Канбюк разглядывал свою фигуру в ростовом зеркале, и увиденное очень ему нравилось. Они и играли-то в спартанских мальчиков всего лишь месяц, и никто их там насильно не гонял, боролись друг с другом в охотку, и лопали потом от пуза, пищу воровством добывать не приходилось, а все равно он стал выглядеть куда более мужественно, жирка заметно поубавилось, а мускулы, напротив, наросли. Мальчик напряг бицепсы и с удовольствием оглядел их надувшиеся валики.
Жаль, что все это скоро закончится. До конца каникул осталась пара недель, а там школьные занятия, времени на такие игры почти не останется, разве что в выходные, да и на лекции к Кирсанову ему тогда уже не ходить, а он столько интересного там почерпнул! Фарси он теперь знает настолько, что может спокойно на нем болтать, древнегреческий язык, кстати, тоже, но на последнем и на Земле уже никто не говорит. Попытка общаться на нем во время их игр на острове, кстати, провалилась, поскольку не у всех там такие способности к языкам, как у него, Канбюка, и общедоступных обучающих программ вроде еще не разработали, а если и разработают когда, то фиг знает, во сколько это обучение еще обойдется, да и желающих наверняка много не окажется даже здесь, в Канкубиллате, так что Канбюк смело мог считать себя обладателем редких знаний.

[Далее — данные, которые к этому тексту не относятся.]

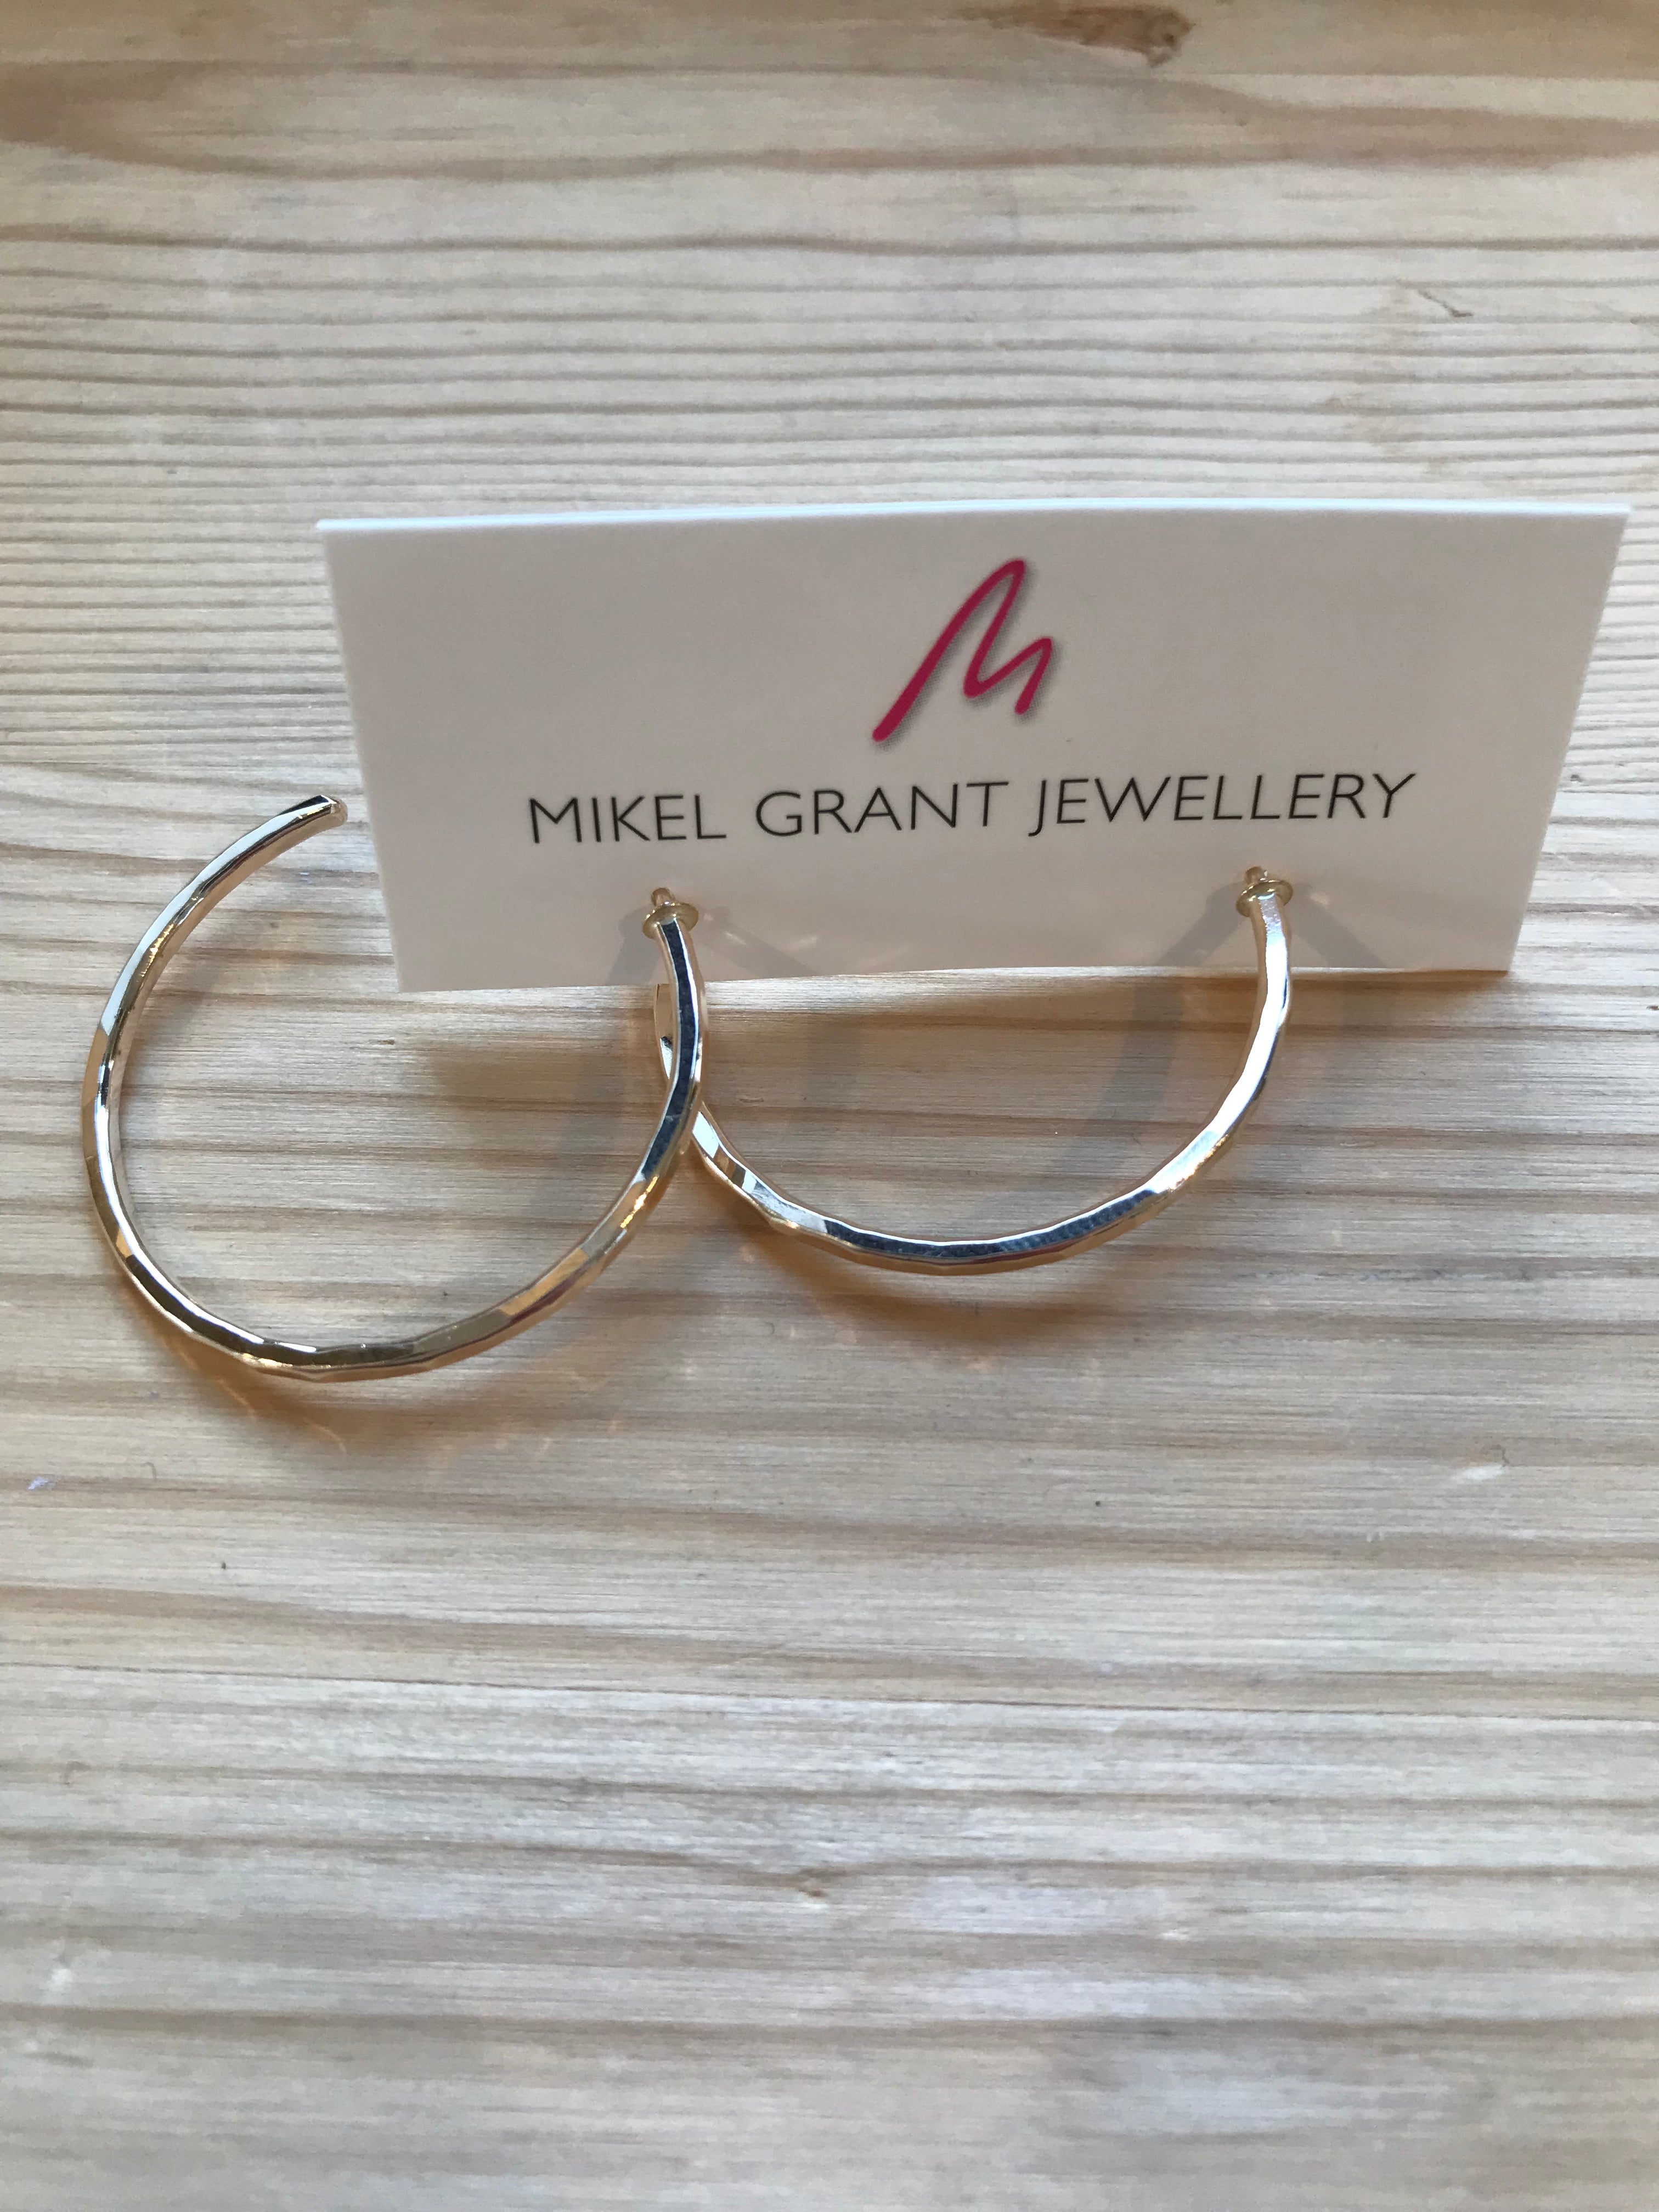 Open Hoop Studs - 14k gold-fill hammered small by Mikel Grant, made in Sechelt BCOpen Hoop Studs - 14k gold-fill hammered small by Mikel Grant, made in Sechelt BC

Оторвавшись, наконец, от зеркала, мальчик с наслаждением потянулся и подумал, насколько приятно, оказывается, ходить нагишом. И нигде ничего не натирает, и одежда после дождя к телу не липнет. В их местном климате это вообще в кайф. Не холодно, не очень ветрено, солнце особо не шпарит, те же дожди льют далеко не всегда, да они еще и достаточно теплые. На Земле, как он выяснил, многие народы, живущие в подобном климате, именно так и ходили, а одежда там воспринималась исключительно как знак высокого общественного престижа, пока моральные нормы не стали устанавливать выходцы с севера и из пустынь, где если не закутаешься, то точно окочуришься, где от мороза, а где от палящего солнца.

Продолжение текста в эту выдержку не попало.